GOP primary voters have the opportunity to select a candidate, Vivian Childs, who might plant the seeds that change the whole political arena.  Let’s be honest, the GOP often pushes Black candidates who seem a little bland on the Black hand side.  With the trump matter in mind, Vivian Childs, Andrew and Deborah Honeycutt, Karen Bogans in Savannah and Michael Murphy are Black Georgians who are conservative but they lived in the Black world, attend Black churches, and likely have Black gold fish.  I personally saw Mrs. Childs in fellowship with her sorority sister, the ladies of Delta Sigma Theta.

Fraternity and sorority trumps political party in my community and you can best believe that the Childs campaign will never function in a way that dishonors her bond.  Okay, I worked for Rep. Sanford Bishop and I was dumfounded by the ugliness of some previous campaigns—hell, if they kept the debate civic they would have won.  Childs vs. Bishop would have a residual benefit of showing how to disagree without being disagreeable.

President Obama On the Ballot: Oh yea, the primary this spring and the general election in the fall are referendums on the president in some way.  The Republicans want control of the U.S. Senate because with both houses of Congress they can make the rest of his hair gray.  If the Senate candidates are constantly attacking Obamacare, their election is a vote on Obamacare.  To me, the people who elected Obama in the first place should vote this year also.

Senate Candidate Breakdown:  I want to put a few points about these candidates on the table…as I see it.

Michelle Nunn– Don’t sleep….she can win.  While she will be running from Obama, she can’t win without a massive pro-Obama turnout.  Her father wasn’t big on being a political party person and hopefully is the same way.  She might do well with suburb Atlanta GOP soccer moms.

Paul Broun– The Democrats so so so very much want him to be the GOP nom because he has a record of being ugly to candidate and President Obama.  He would drive large numbers of ify voters to the polls for the dems and the national fundraising for Nunn would be huge courtesy of his youtube videos.

Jack Kingston– If region trumps party with me, Kingston is the people’s champ from south Georgia.  Georgia political power is now centered in north Georgia and that is scary because you can count the Black folks up there.  Jack served Black Savannah and Savannah State University for years and dude has lived in part-time in D.C.  Because he likes to play that Andy Griffin role, Kingston knows Black and White rural Georgia inside and out.  The economic engines of our state outside of Atlanta are agriculture and military.  Those Tea Party people would cut both of those areas to the bone but Jack knows what’s up.  He should come to our summit and explain that statement about free lunch kids cleaning the schools.

Karen Handel– She would hold the GOP women vote against Nunn.  She should play up her hard knock life story.  Who knew that she attended Fredrick Douglas High School in suburban D.C.  The lady was chair of the Fulton County Commission.  Her campaign clearly doesn’t want to tap her potential support in our community.  Did I mention that she went to Doug?

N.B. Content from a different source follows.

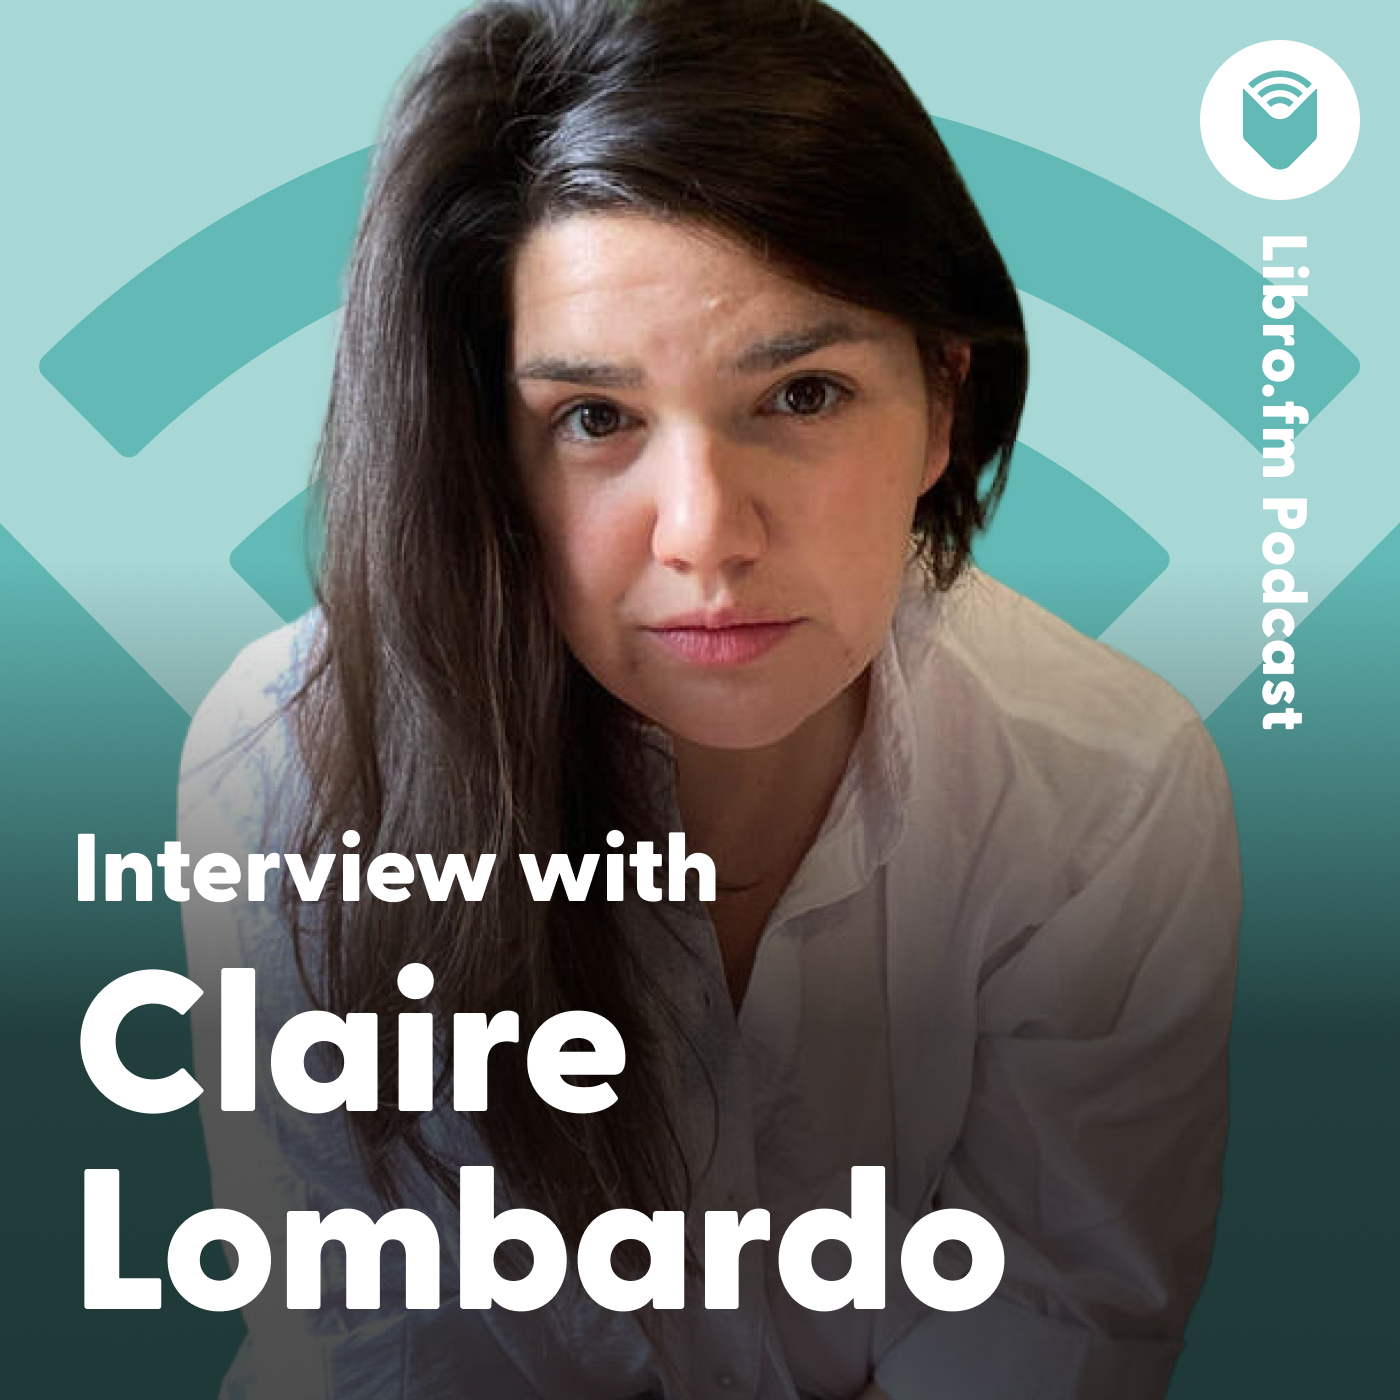 A headshot of Claire Lombardo on a teal background showing the Libro.fm logo. Text reads: “Libro.fm Podcast: Interview with Claire Lombardo."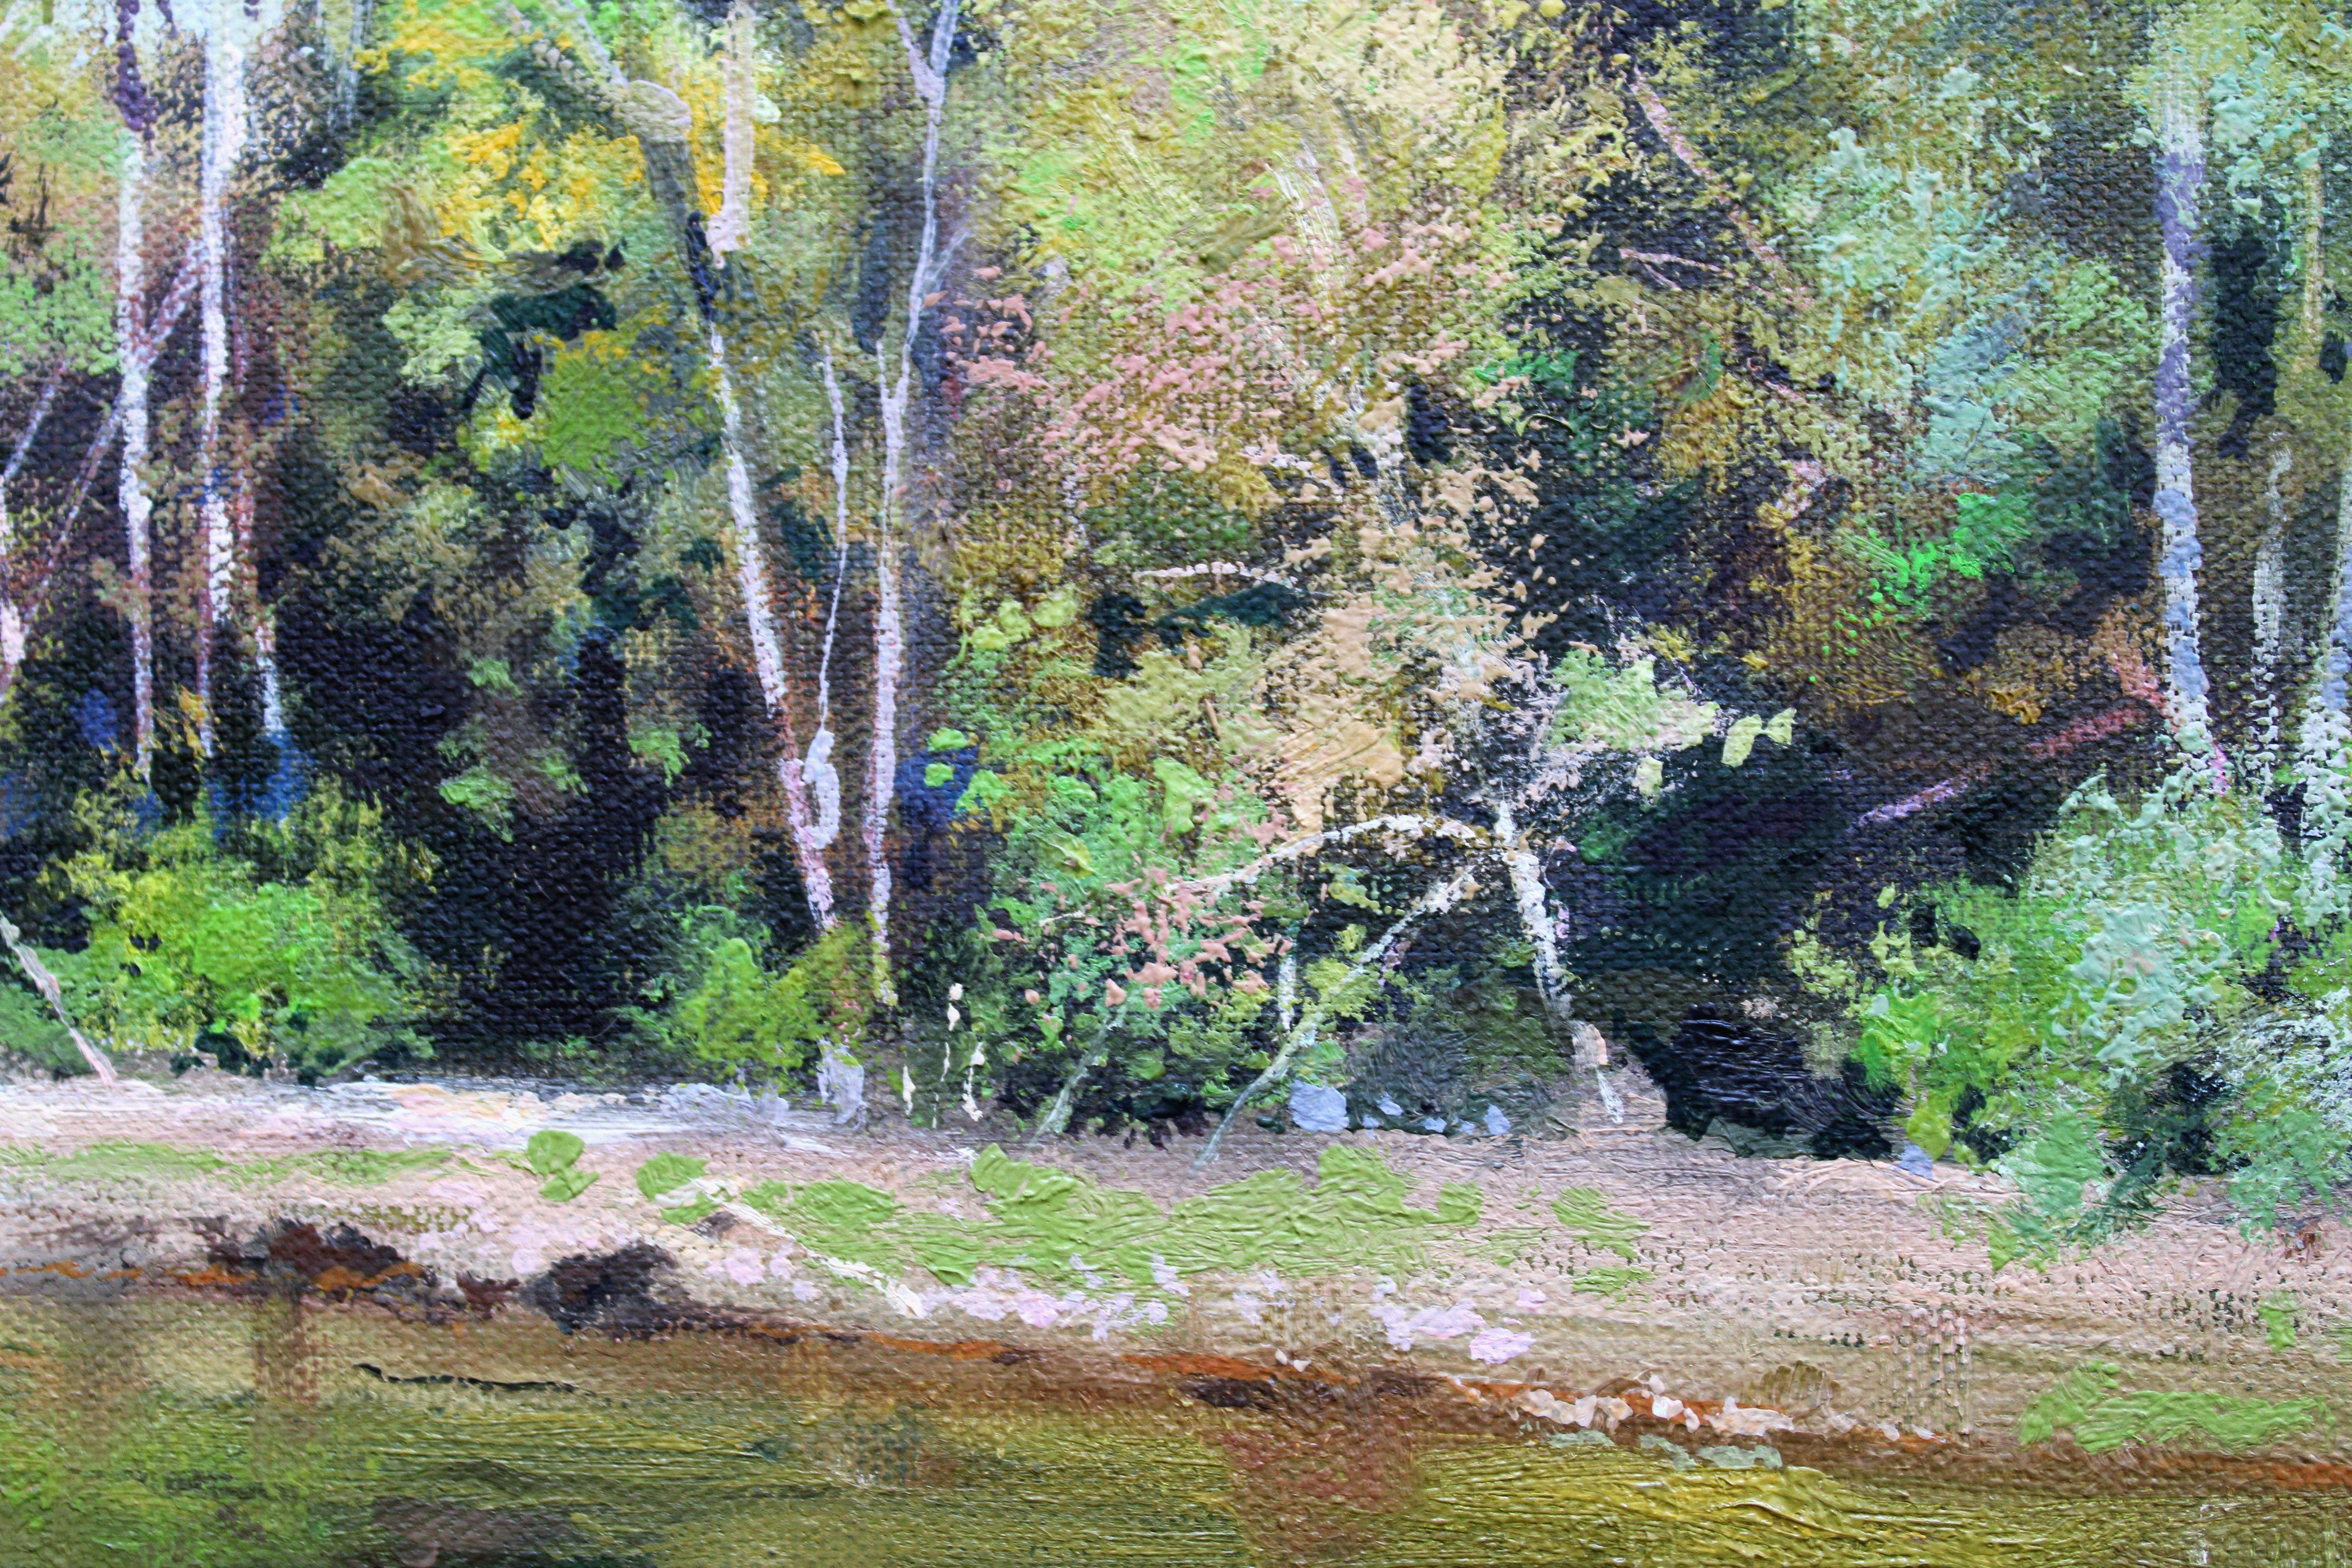 May. The Lobe River flows into Ogre. Oil on canvas, 40x50 cm - Realist Painting by Janis Zingitis

David Perdue– this political newcomer is was balling in the private sector. Perdue was CEO at Reebok and at Dollar General.  DG sure brings revitalization to some rough areas and heaven knows the jobs are needed.  His campaign website contains a list of companies he has helped: Rockport, Hanes, Levi’s, Polo, Coach, and Greg Norman.  I kid you not; I can get dress in a Polo shirt, a pair of Levis, Hanes drawers, old Rockport Dressports, and Greg Norman footies.  Look for forward to Dems asking if these companies gave back to our communities.

Governor race: This race will be a referendum on Governor Nathan Deal and the GOP in the state houses refusal to expand Medicaid under Obamacare.  We need to hear the GOP alternative to Obamacare because current the uninsured are using the emergency room as a doctor’s office and that’s costly.

State House and State Senate:  With secondary regard for party, stay on your state legislators’ behinds because voter suppression and stand your ground start with them.